Without the unregisterTransparentWrapper("Result") call, the pragma would try to unwrap Result as a wrapper and fail (or silently do the wrong thing, depending on whether the local Result is generic).

API

{.transparentWrapper.}

Cosmetic marker pragma. Applying it to a generic type does NOT register the wrapper; it documents intent and pairs with an explicit registerTransparentWrapper(...) call. The actual registration is always a compile-time static: block.

registerTransparentWrapper(name: string)

Register a wrapper type as transparent for {.transition.} return validation. Accepts either a bare name ("MyBox") or a module-qualified name ("mymod.MyBox"). Call inside a static: block.

unregisterTransparentWrapper(name: string)

Remove a wrapper from the registry. Use this to opt a built-in wrapper out when your project has a same-name type that shouldn't be unwrapped. Also callable inside a static: block.

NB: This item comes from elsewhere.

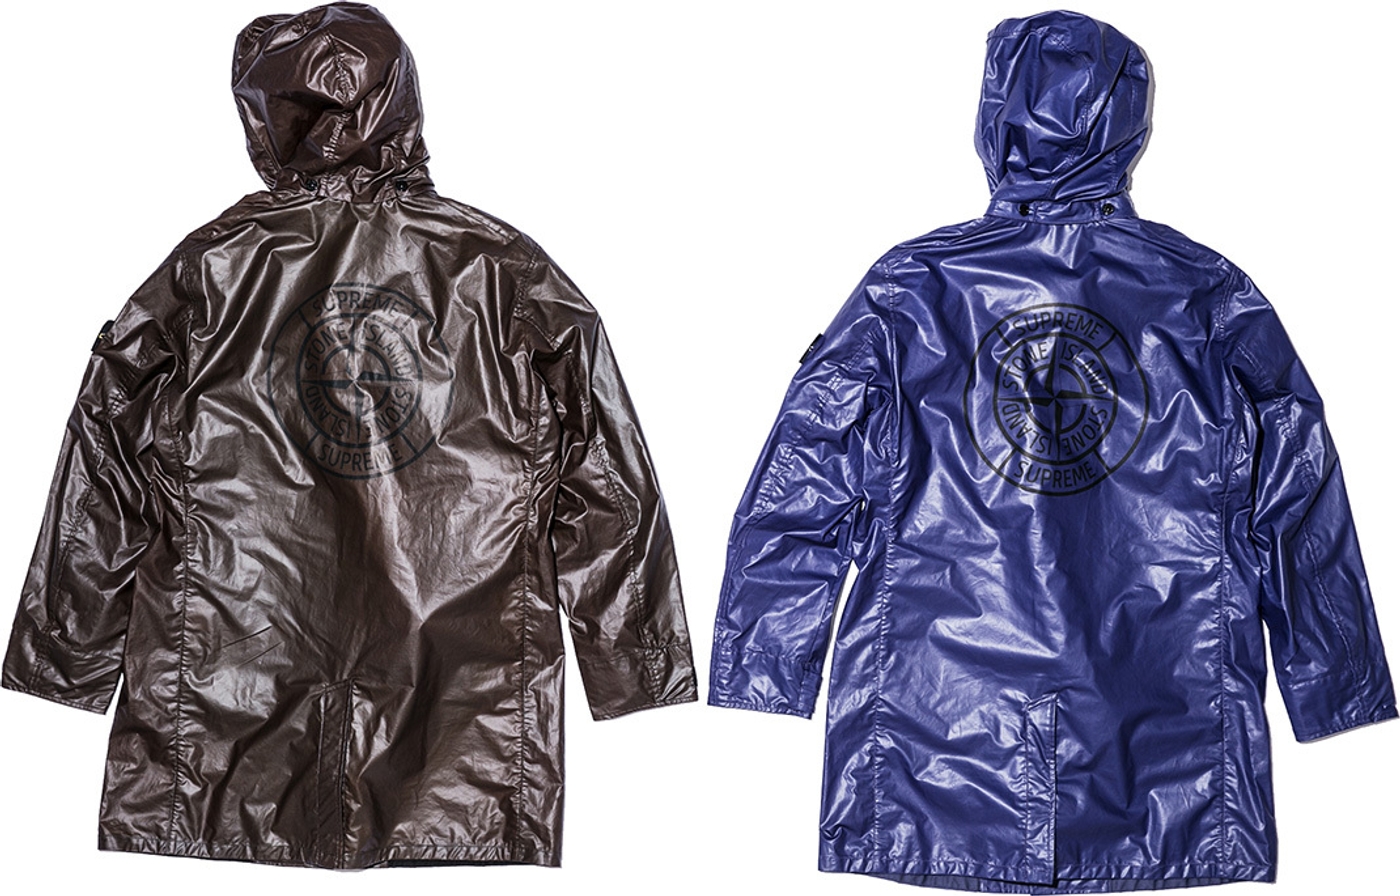 Water resistant thermosensitive Heat Reactive polyurethane coated cotton fabric with removable hood. (10/24)

isTransparentWrapper(name: string): bool

Predicate. Checks both the given name and its extracted base name, so module-qualified forms ("results.Result") and bare forms ("Result") both hit the registry.

Notes

  • Wrapper matching is string-based: the registry stores names, not type symbols. A user-defined Result type in a project would silently get unwrapped unless you call unregisterTransparentWrapper("Result").
  • Cycle and depth protection: the unwrap walk detects wrapper cycles (W1[W2[W1[X]]]) and caps depth at 32.
  • The pragma validates the outermost wrapper chain only. seq[T] is NOT a transparent wrapper — if you return seq[B] from source A, the pragma will report the literal "seq" and reject the edge.